The death of J. G. A. Pocock on 12 December 2023, three months shy of his 100th birthday, deprived the world of one of its most fertile and creative historians of political thought. It also bereaved the Folger Institute’s Center for the History of British Political Thought of a founder and its guiding spirit over almost forty years.

John Pocock was born a subject of the king-emperor George V in London in 1924. At the age of three, he moved with his family to New Zealand when his father took up the chair in classics at Canterbury College (now the University of Canterbury). The move from one set of islands, off the northwestern coast of Eurasia, to another, in the southwestern reaches of the Pacific Ocean, expanded Pocock’s historical imagination and shaped his global vision for the rest of his life. Like many anglophone settlers of his generation, Pocock saw Britain as home and, along with many academically ambitious antipodeans, he returned ‘home’ for his higher degrees: first a master’s in education, supervised by the father of fellow historian of political thought Richard Tuck, and then the Cambridge doctoral thesis under Herbert Butterfield that became Pocock’s masterpiece, The Ancient Constitution and the Feudal Law (1957). After a junior research fellowship at St John’s College, Cambridge, he returned to New Zealand to teach history at Canterbury and political science at the University of Otago until the University of Washington, St Louis, recruited him in 1966. Pocock would remain in the United States for the rest of his distinguished career, the bulk of it spent in the History Department at the Johns Hopkins University from which he retired, as Harry C. Black Professor emeritus, in 1994. He passed away peacefully in Baltimore, his home city since 1974, surrounded by his family.

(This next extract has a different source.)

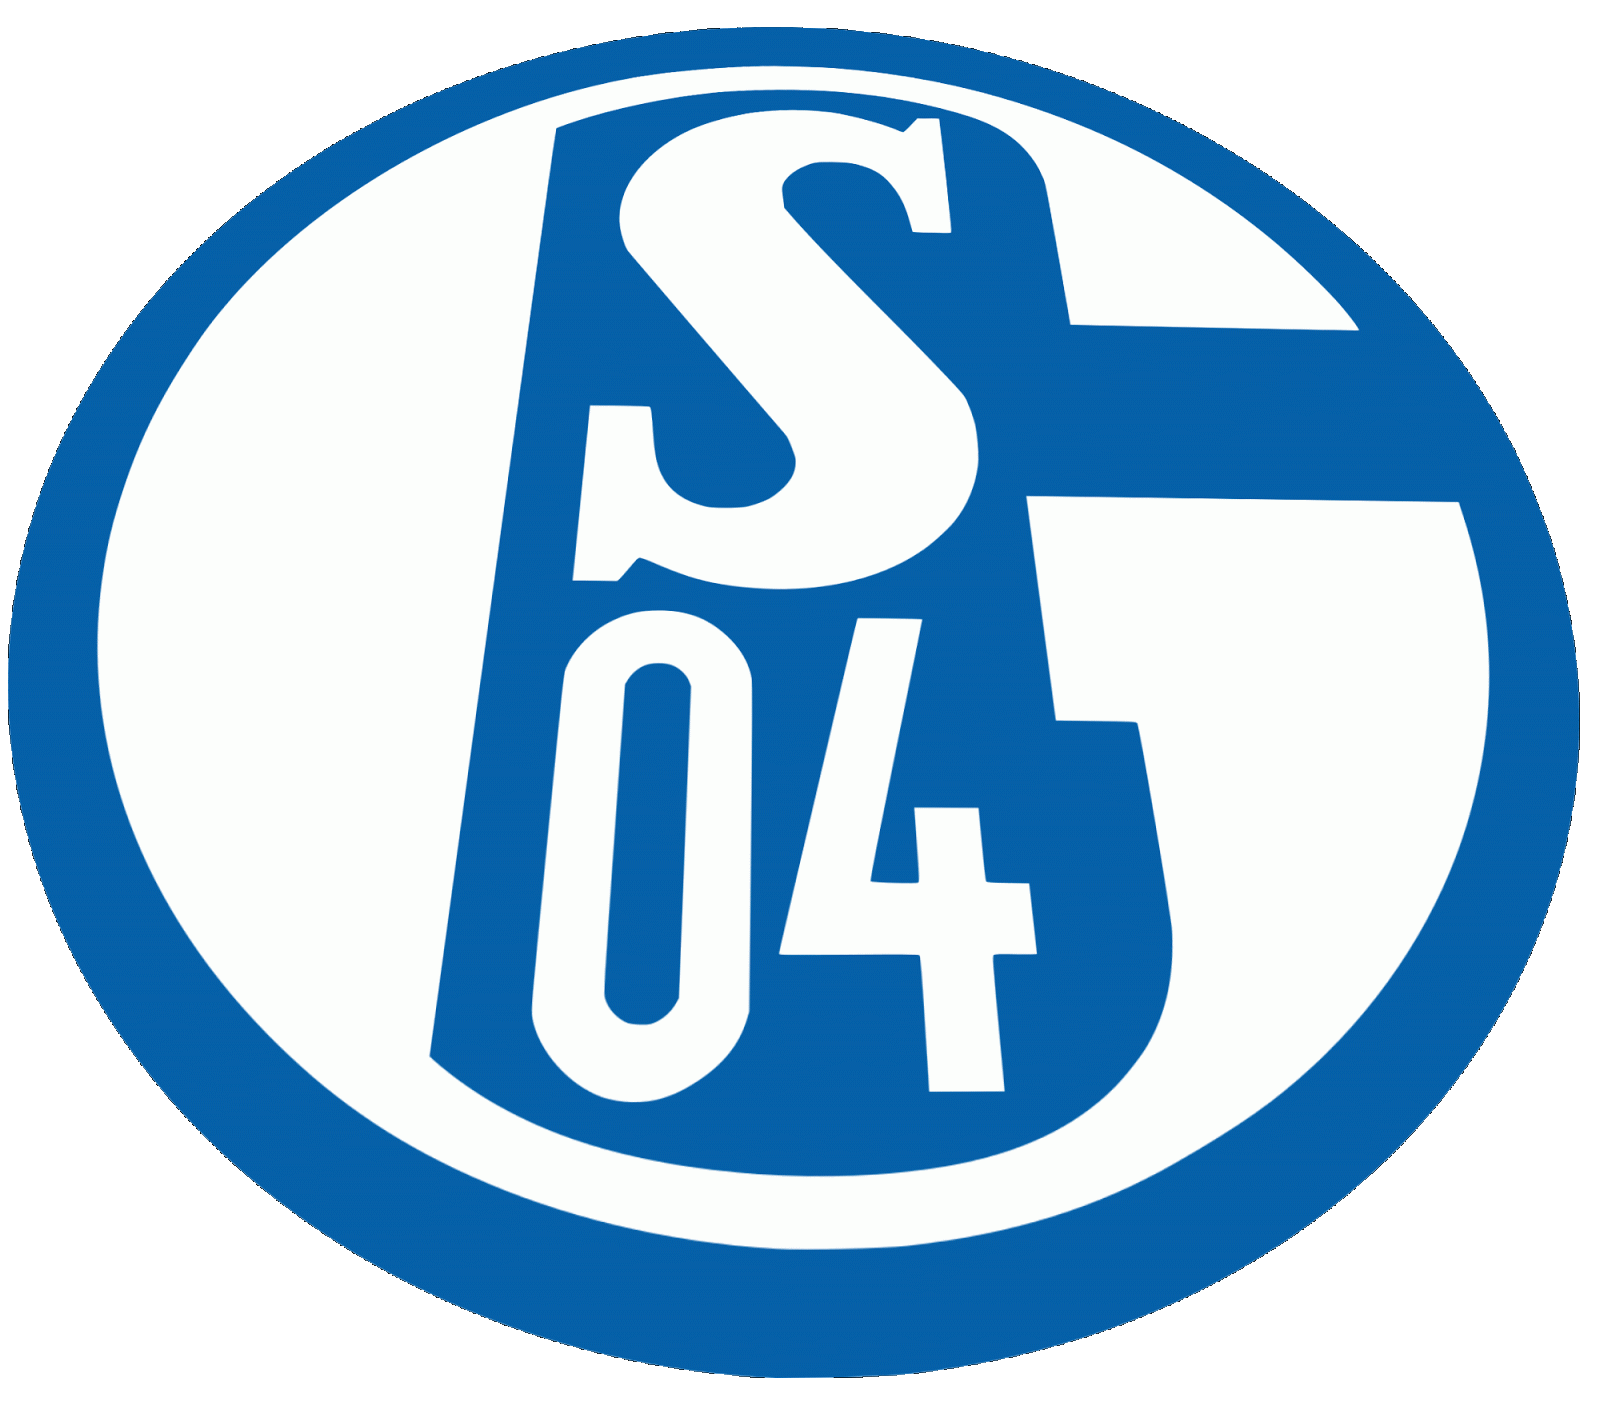 Escut del FC Schalke 04

Three overarching themes inform Pocock’s extensive body of historical scholarship: historical thought as a mode of political thinking; the civic, or republican, tradition as a bridge between pre-modernity and modernity; and British history as a global narrative of sovereignty, settlement and self-reflexivity. His major works, from The Ancient Constitution and the Feudal Law to his crowning six-volume study of Edward Gibbon’s Decline and Fall, Barbarism and Religion (1999–2015), completed at the age of 91, were studies of historical thinking in its multiple national, regional and cosmopolitan contexts. The history of historiography was the scarlet thread running through his work and many of his studies of strictly political thought sprang from this primary commitment, for example his germinal treatments of Hobbes’s eschatology, of Harrington’s account of property and of Burke’s political economy. Thinking in, and with, time was also the central theme of his pivotal opus, The Machiavellian Moment (1975), a demanding reflection on the durability of polities in secular time from the Aristotelian polis to the American republic under Richard Nixon. And the reconstruction of history around shifting identities over time was both the subject and the goal of the plea Pocock first made in 1975 for a ‘New British History’, attentive to its multinational matrix in the ‘Atlantic archipelago’ and its global dispersion throughout the common law settler world and beyond.

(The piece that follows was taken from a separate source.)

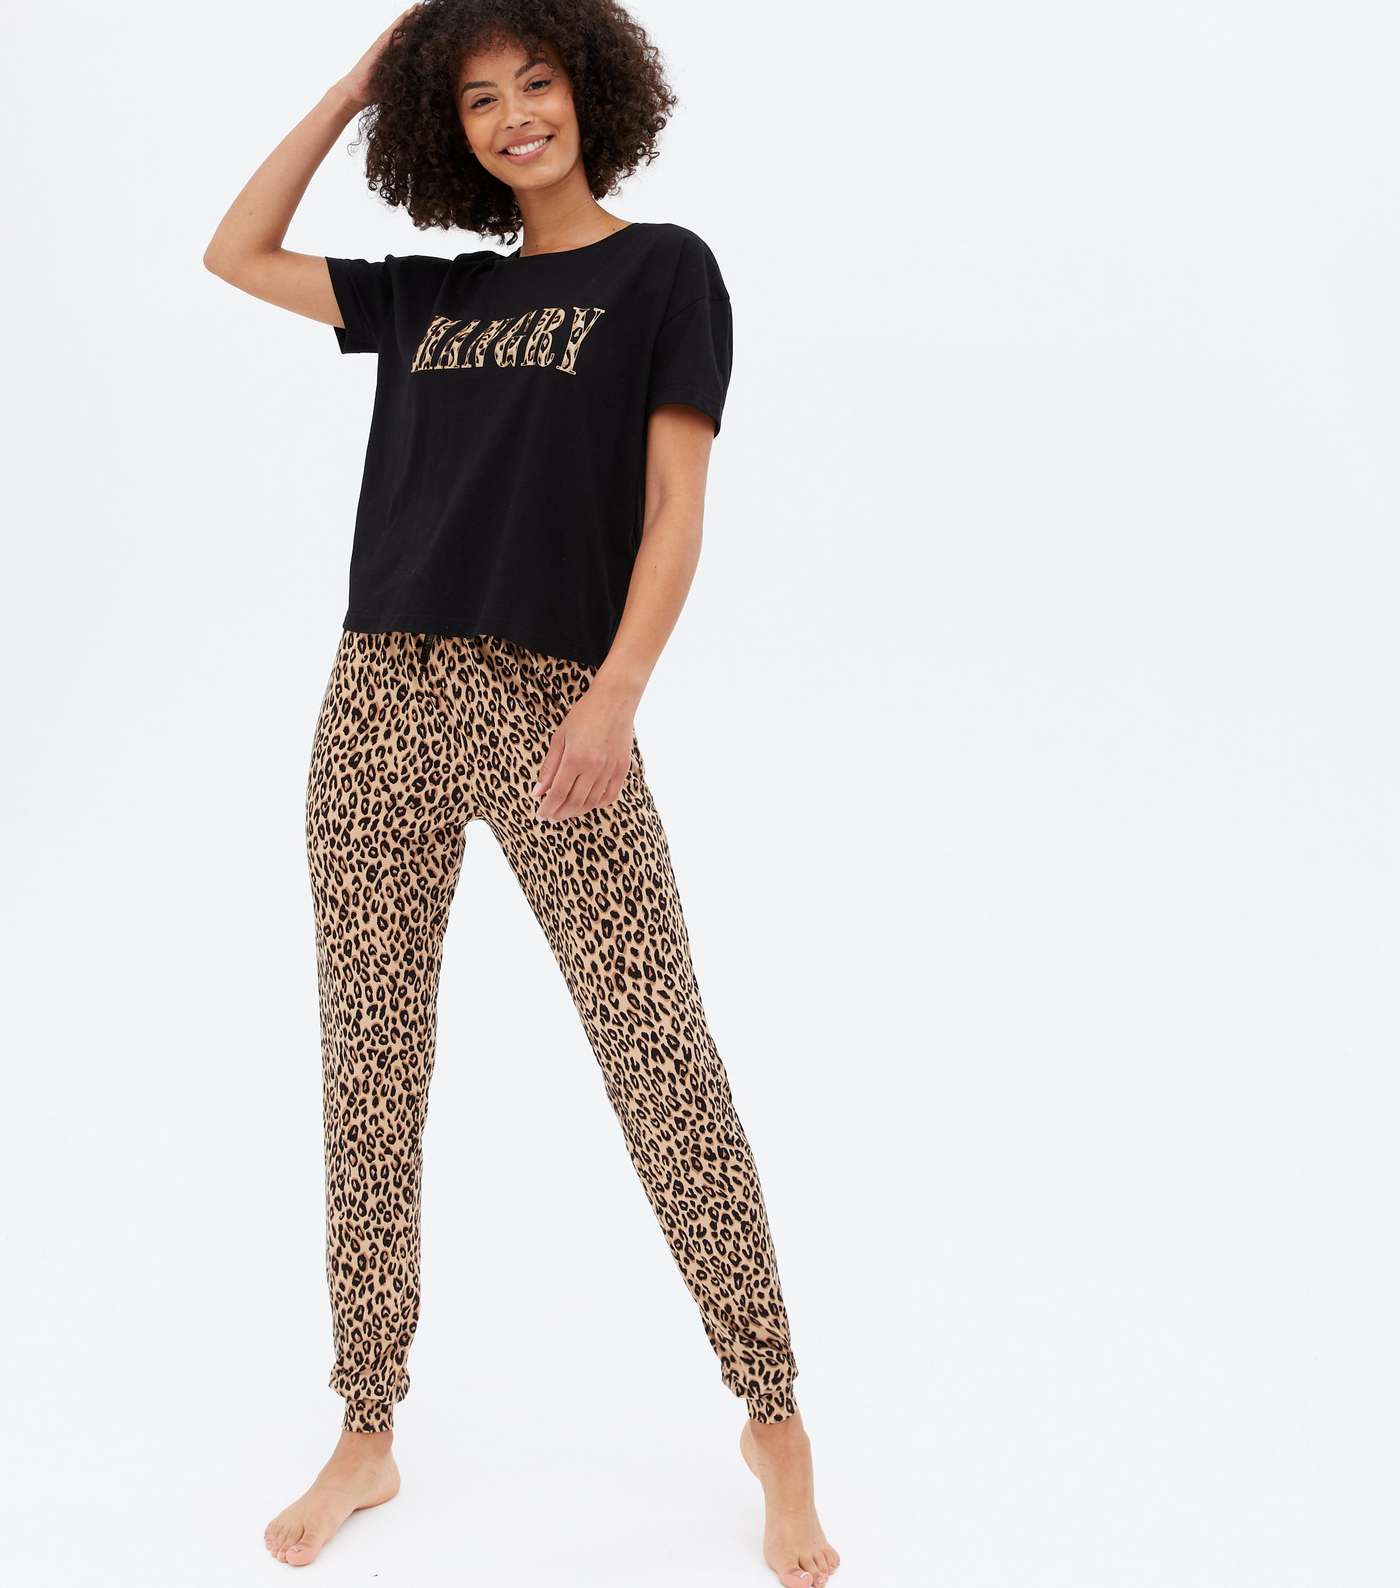 Tall Black Leopard Print Jogger Pyjama Set with Hangry Logo Image 2

The Center for the History of British Political Thought at the Folger Library institutionalized the study of what Pocock called ‘the unending pursuit of contexts and texts to place in them’ from the late Middle Ages to the nineteenth century. Pocock inaugurated it along with his fellow founders, Gordon Schochet and Lois Schwoerer, in 1984. Over the first two decades of the Center’s existence, Pocock, alone or in tandem with other members of the Center’s Steering Committee and an array of outside visitors, ran a series of probing seminars that mapped British political thought in its English, Scottish, Irish, archipelagic and Atlantic contexts. This enterprise produced a series of field-shaping collective volumes from the Folger Institute and later from Cambridge University Press that spread the fruits of intense discussions at the Folger to an increasingly globalized community of historians of British political thought. Those lucky enough to have attended the Center’s seminars or its many parallel workshops and conferences will always recall Pocock’s magisterial, and often oracular, presence and the insights and provocations that set off innumerable research projects. The Center recreated British political thought as a field of study and, in so doing, fashioned a worldwide community of practitioners indebted to Pocock’s uniquely generous vision of historical inquiry.

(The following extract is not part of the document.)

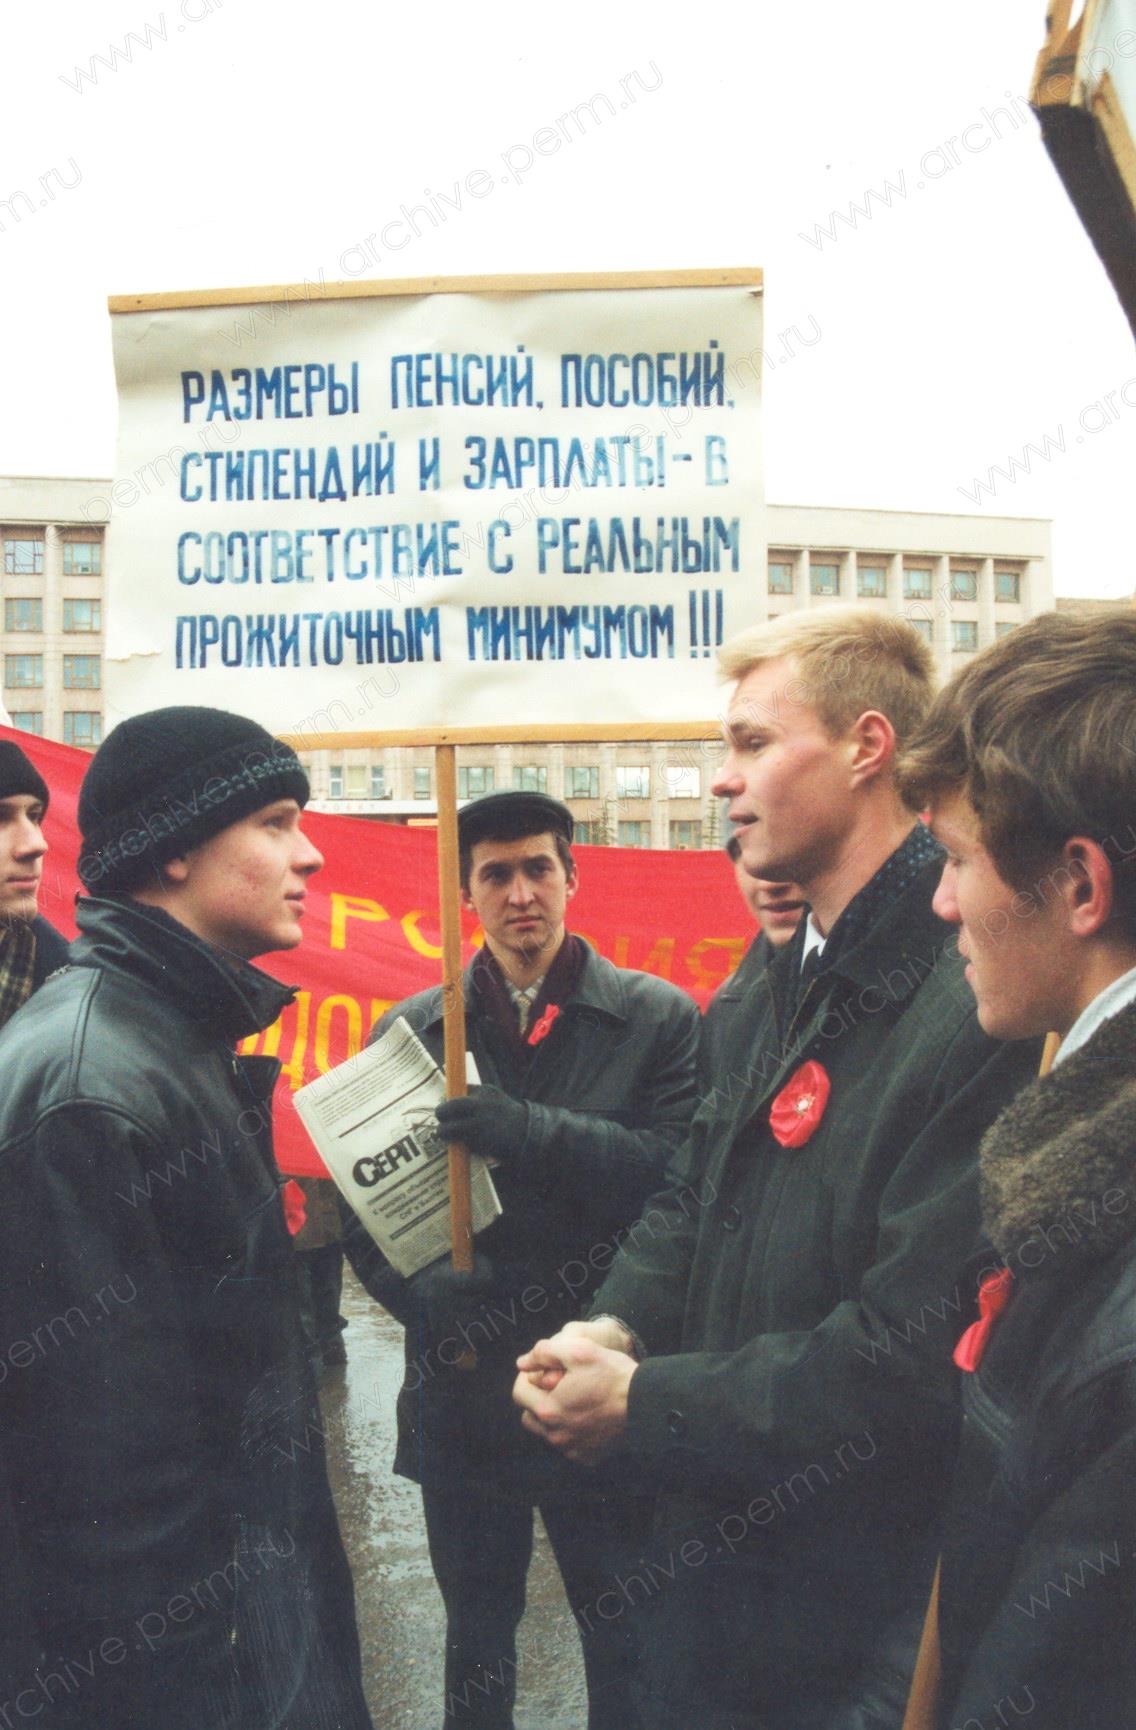 ФФ.Оп.18п.Д.3069. Студенты ПГУ на митинге. 2001. Пермь.jpg

Beyond the Center and the Folger, Pocock’s legacy resonates in his emphasis on the languages of political thought—juridical, historical, ecclesiastical among others; in his deprovincialization of English and British political thought in their European, Atlantic and global extensions; in his recalibaration of James Harrington’s significance in the histories of Country ideology, ‘neo-Machiavellian’ political economy and the Atlantic republican tradition; in his elaborate stratigraphy of Gibbon’s historiography; and in his irreversible reframing of British history as a planetary story of competing sovereignties and identities: archipelagic, national and Indigenous. Perhaps less well known to those who encountered him only through his published works were Pocock’s other enduring passions: for colonial and imperial poetry; for the works of J. R. R. Tolkien; and for a century of cinema, possibly the only immersive indulgence in modernity Pocock allowed himself. To speak with him was always to be awed—by his erudition, his eloquence and his originality—and often to be overawed by his flattering assumption that you knew, say, every detail of Gibbon’s Islamic sources as well as he did. To hear Pocock lecture was to listen to a voice from another age, inflected (as he sometimes noted) with the inherited accents of Jersey and South Africa as well as those of New Zealand and post-War Cambridge. And to receive from him a letter or fax, written like his books in longhand with a fountain pen, was to connect with a pre-Internet era of intellectual exchange that has effectively passed into history with him. Above all, to revisit Pocock’s lapidary essays and immersive books is to encounter a master mind, the mighty equal of those historical thinkers from Machiavelli to Gibbon he met on their own terms. For as long as there are historians of political thought and, especially, histories of historical thinking, John Pocock’s commanding oeuvre will endure.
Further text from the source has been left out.